Марина. Симеон, я буду любить тебя! Симеон. Ты! ты будишь царицею, ты забудешь меня! Марина. Ребенок… Иди, Симеон. Симеон (уходит и возвращается), Марина! ты не любишь Заруцкого? Марина. Я презираю его! Симеон. О! я люблю тебя. (Убегает в боковую дверь.) Марина (одна). Тебя любить! нет, Симеон! Марина тебя не любит и не будет любить! Бедный, жалкий человек!.. Цель твоей жизни, твоих действий — поцелуи женщины: правда, эта женщина — царица, а эта царица — я!
Нам особенно нравится то обстоятельство, что влюбленного юношу называют Симеоном. Это славянское, в обыкновенной речи неупотребительное, имя так и дает вам чувствовать, что вы находитесь в области условного и что до истины тут дела нет никакого. Приходит Олесницкий, посол Гонсевского, и Заруцкий. Олесницкий говорит свысока, Марина тоже; по уходе посла Заруцкий снимает личину и «отделывает» Марину.
Разговор происходит между ними следующий:
Марина. Не знаю, что значит: избавиться? (От Ляпунова.) Заруцкий. Известное дело (делает знак убийства). Какая ты стала непонятливая!.. Ну, а как Ляпунов нам петлю на шею наденет?

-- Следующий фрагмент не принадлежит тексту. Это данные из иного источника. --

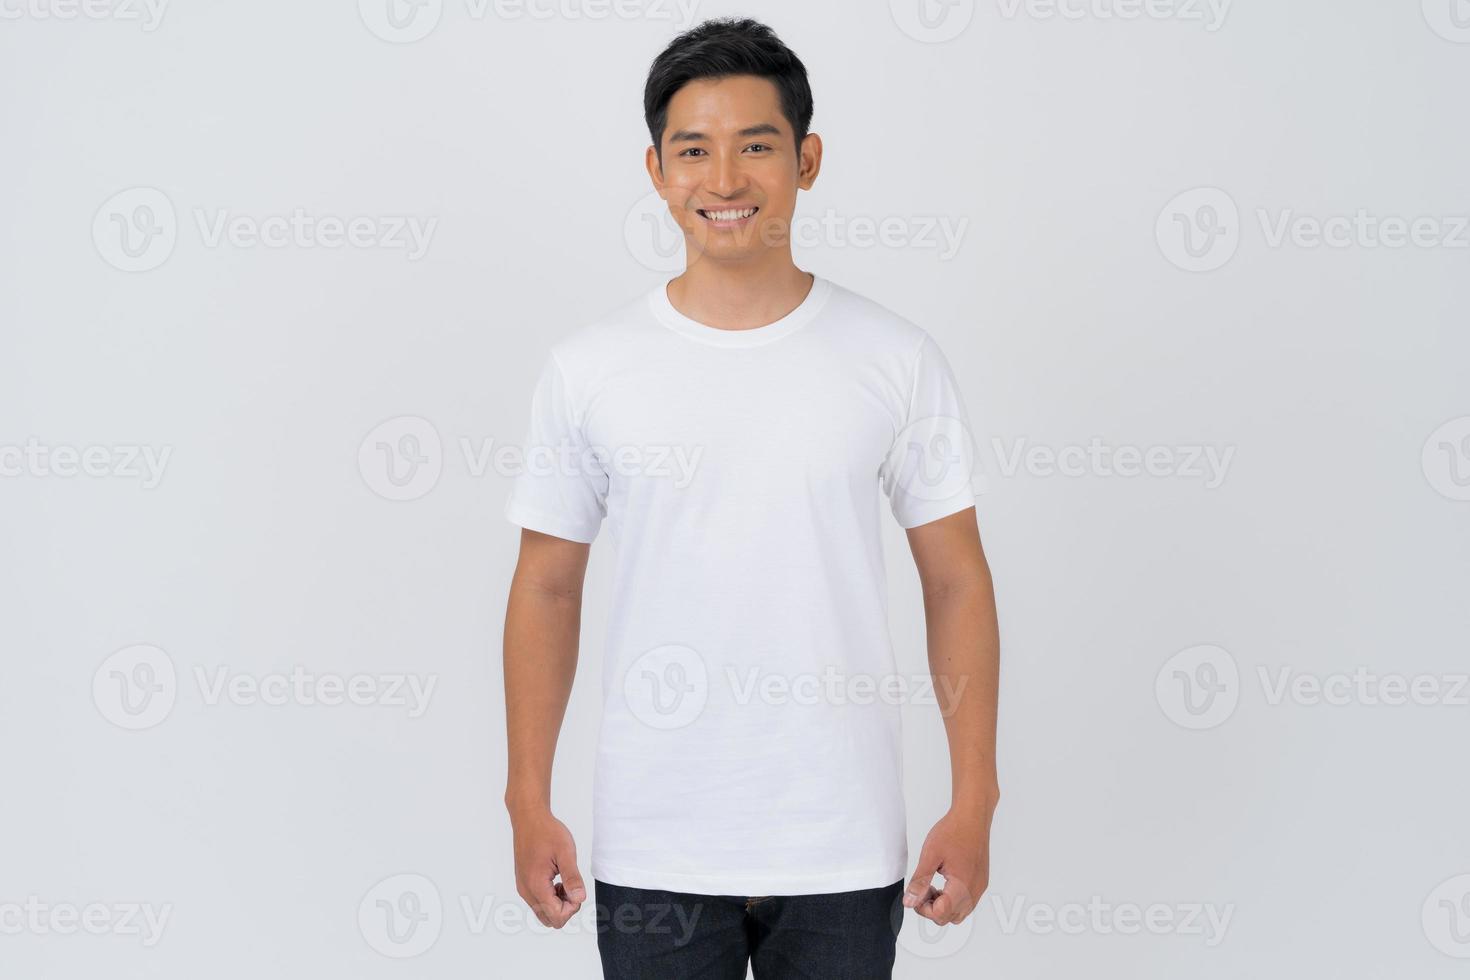 t-shirtontwerp, jonge man in wit t-shirt op witte achtergrond foto

Марина (смеясь и схватившись обеими руками за шею). Моя шея не сделана для петли палача! Заруцкий. Знаем! она сделана для жидовских объятий. Марина. Заруцкий! Заруцкий (берет ее за руку). Ну, ну, ну, успокойся! безумная!

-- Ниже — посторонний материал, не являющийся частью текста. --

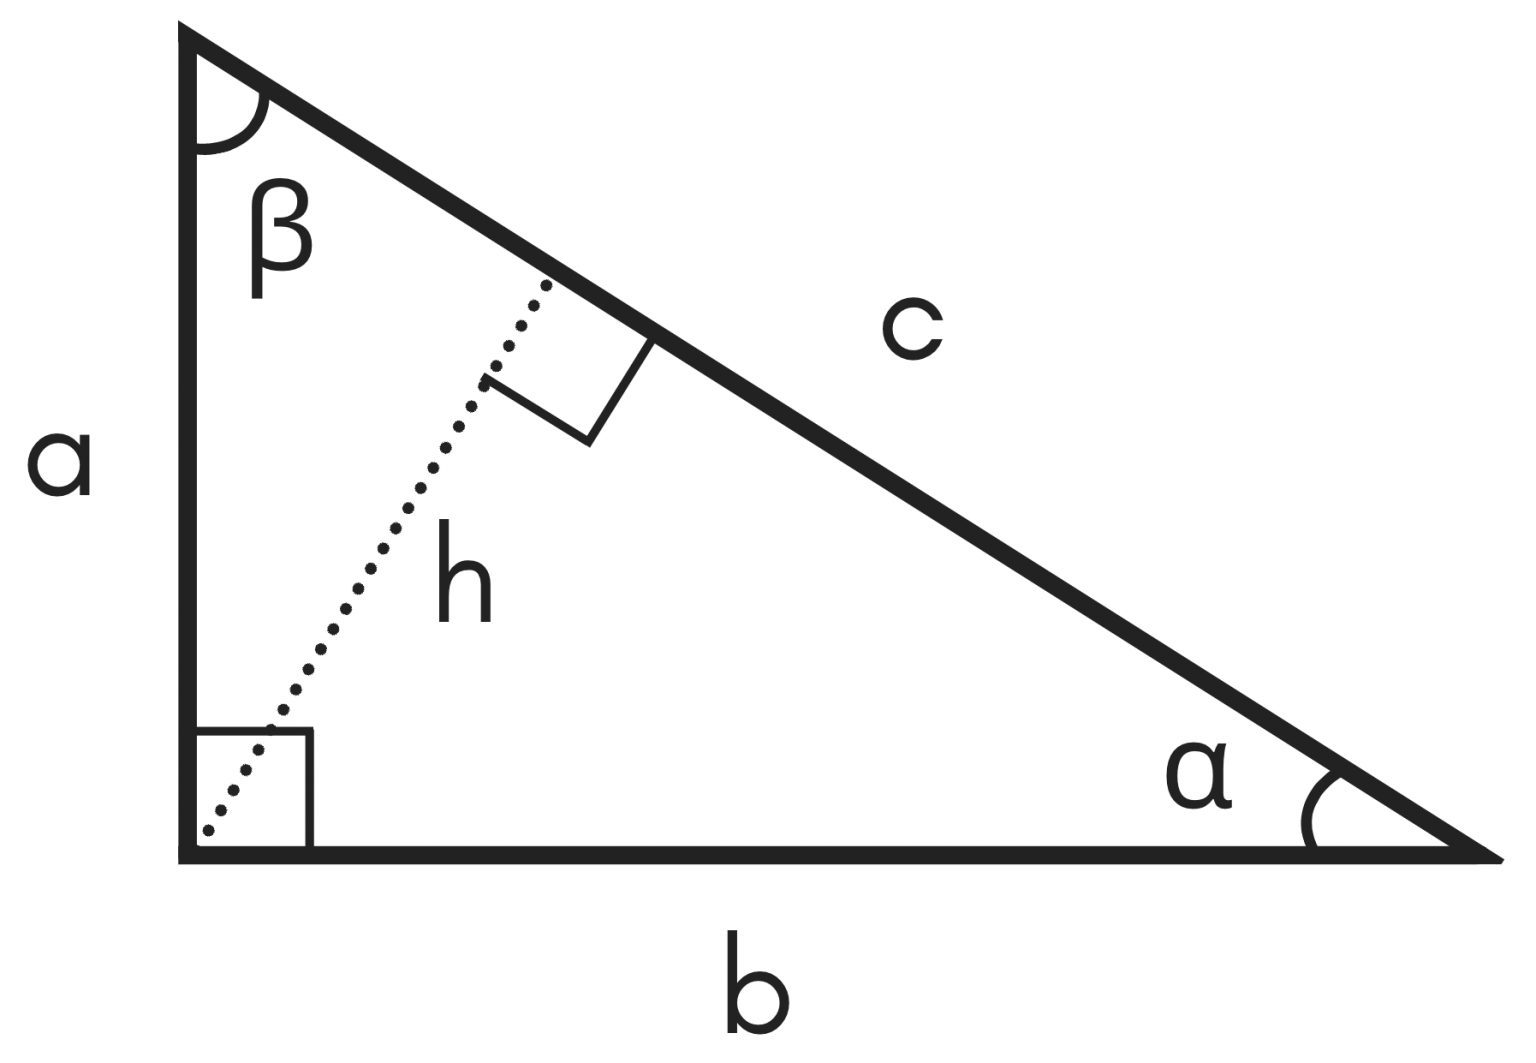 isosceles right triangle volume formula

Заруцкий уходит, Марина восклицает: «О, вечное правосудие! Ляпунов падет от Заруцкого! Ляпунов, эта высокая, божественная сила, это соединение всего прекрасного и великого!..» и потом объявляет, что: «Заруцкий прав. Прочь сожаление, прочь добродетель! Пусть действует провидение: я ему не помеха».
Первый акт кончается.
Эти сцены до того напоминают слог, манеру, все замашки тех исторических драм, которые дюжинами появляются на сцене Porte St. Martin и Gaîlé,* что кажутся переводом. Королева Маргарита в «Tour de Nesle»[34] г. Галльярде́ — родная сестра Марине г. Гедеонова.*
Второе действие начинается длинным рассказом Ржевского своему наперснику о том, как Ляпунов его оскорбил и как он ему мстить намерен. К удивлению зрителя, Ржевский вдруг потом является самым жарким поклонником Ляпунова и даже гибнет вместе с ним. Потом собираются казаки и русские воины; является писарь Лыкин, «высеченный», говорит кудревато, поносит Ляпунова; ляпуновские побить его хотят, трубецкие защищают… Ну, одним словом, читатели, вспомните появление капуцина в «Лагере Валленштейна».* Приходит Заруцкий, держит речь, начинает так: «Вот в рассуждении того теперь идет речь». («Тарас Бульба» — прекрасное произведение…)* Понемногу он преклоняет весь народ на свою сторону. «Я, панове, держу эту речь, — повторяет он, — не для того, чтоб в чем обидеть Прокопия Петровича Ляпунова: он у нас такой воевода, каких не найти в целом свете»… And Brutus is an honourable man[35]. Ho les beaux esprits se rencontrent…[36] Толпа, подстрекаемая Заруцким, бросается к дому Ляпунова. Он выходит… всё, разумеется, умолкает и трепещет. Ляпунов говорит им разные горькие истины и уходит. Сцена эффектная.
Второй акт кончается.
В третьем действии мы опять видим Марину, но уже не с Симеоном, а с наперсницей. Марина говорит ей: «Помнишь ли, Юзефа, Са́мбор с его зелеными, с его темными, роскошными садами, с его каштановыми аллеями, где раздавался так часто звонкий смех двух беспечных и счастливых красавиц? Помнишь ли эти внезапные переходы от детского смеха к непостижимой, чудной грусти, когда наша грудь волновалась от неизвестных желаний и лицо горело?» — Вот слог так слог! «А потом, когда вся Польша бросила свое гордое юношество к ногам Сендомирской жемчужины! Всё читало участь свою в этих глазах, в улыбке этих пламенных уст!.. И я играла любовью!» Юзефа отвечает ей, что «в человеческом сердце есть другие струны». Приходит слуга и доносит, что Ляпунов бежал. Марина разочаровывается, но Заруцкий приходит, объясняет всё дело к собственному стыду и к чести Ляпунова — и Марина сперва объявляет Заруцкому, что он раб ее воли, на что Заруцкий отвечает, что он пойдет домой и выпьет горелки, а сам идет к Ляпунову. «Да! — говорит она, — бывают такие природы! в них всё молчит, в них тлеет сокровенное пламя, доколе (о, доколе! как это «доколе» хорошо!) чужое дыхание не оживит и не разбудит его! Марина сто́ит полтрона! Решено! я иду, иду за шапкой Мономаха!»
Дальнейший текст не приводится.